One of the things which always confuses me about the con going experience is when I get picked to be the moderator. I like to think I’m a nice guy and that I’m a fun person with whom to chat, but I’m not sure what would qualify me to guide a panel along and keep things on course…

At Con Carolinas (a convention, I should mention, that is totally awesome) last year, when asked a question about the craft of writing, I responded that Pre-zombie Apocalypse my favorite Bond was Sean Connery, but now that the Zombie Apocalypse was underway, I was leaning toward Daniel Craig.

Why would I answer so strangely?

I couldn’t remember what the original question had been… (And it really did sound like the Zombie Apocalypse had begun ithe hallway.)

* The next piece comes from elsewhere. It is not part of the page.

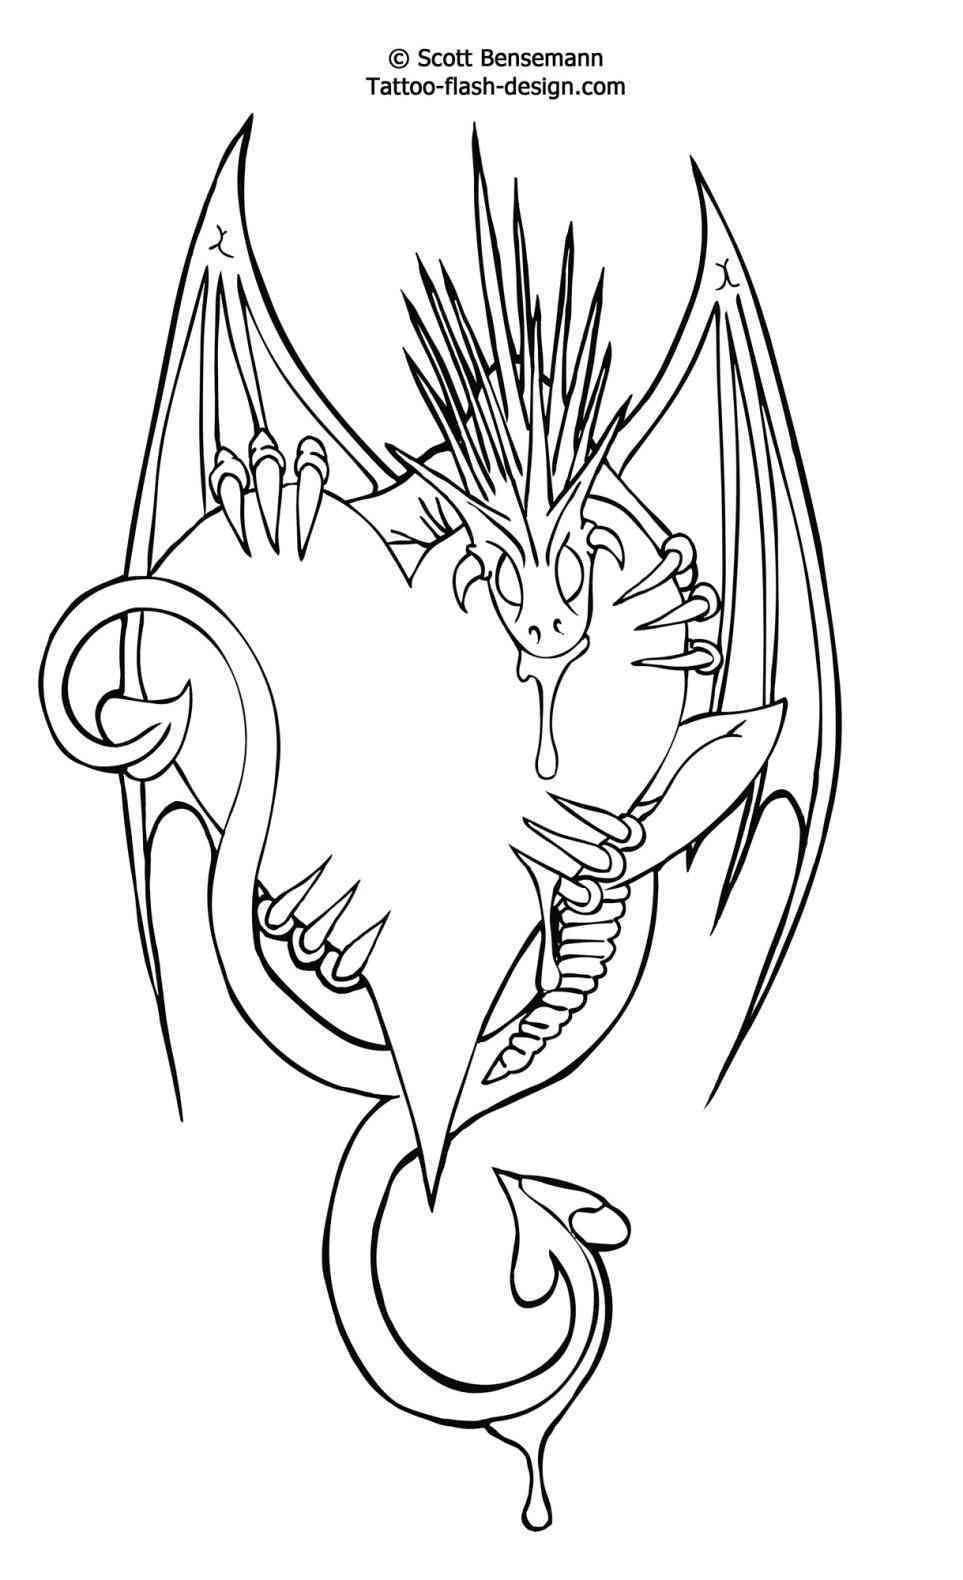 Knot-Design-Free-Flash-Love-Heart-Dragon-Printable-Castle-B-Free - Free Tattoo Stencils Printable

I’m not an auditory learner. I’m more of an audio-visual-kinesthetic: which means in order to learn something, I have see it, hear it, touch it, taste it, pass it through my colon… freeze it, disinfect it, and then shoot it into space. Okay, so it’s not quite that bad, but add my wandering attention span (sometimes I have one and other times, it’s out in the hall somewhere) and you get me talking about Fang the ‘Stang, the flesh-eating 1964 1/2 Mustang convertible in my Void City series, on a panel that is supposed to be about pets.

Heh! He is kind of a pet. And he does eat pets… And people… And…

So my question is this: how much does it annoy you when the moderator is only loosely keeping to the topic at hand?

This Friday, for example, I’m moderating a panel called:

Vampires: Old and New
From Dracula to True Blood – discuss the appeal of bloodsuckers!
With panelists: Justin D Kates, Rebecca Carter, Theresa Bane, Brinke Stevens, DJ Torch, J. F. Lewis

What should I ask? Obviously the panel crosses a great swath of different types of media, but what would those attending such a panel actually like to hear? Or expect to hear? And what would the panelists like to be asked?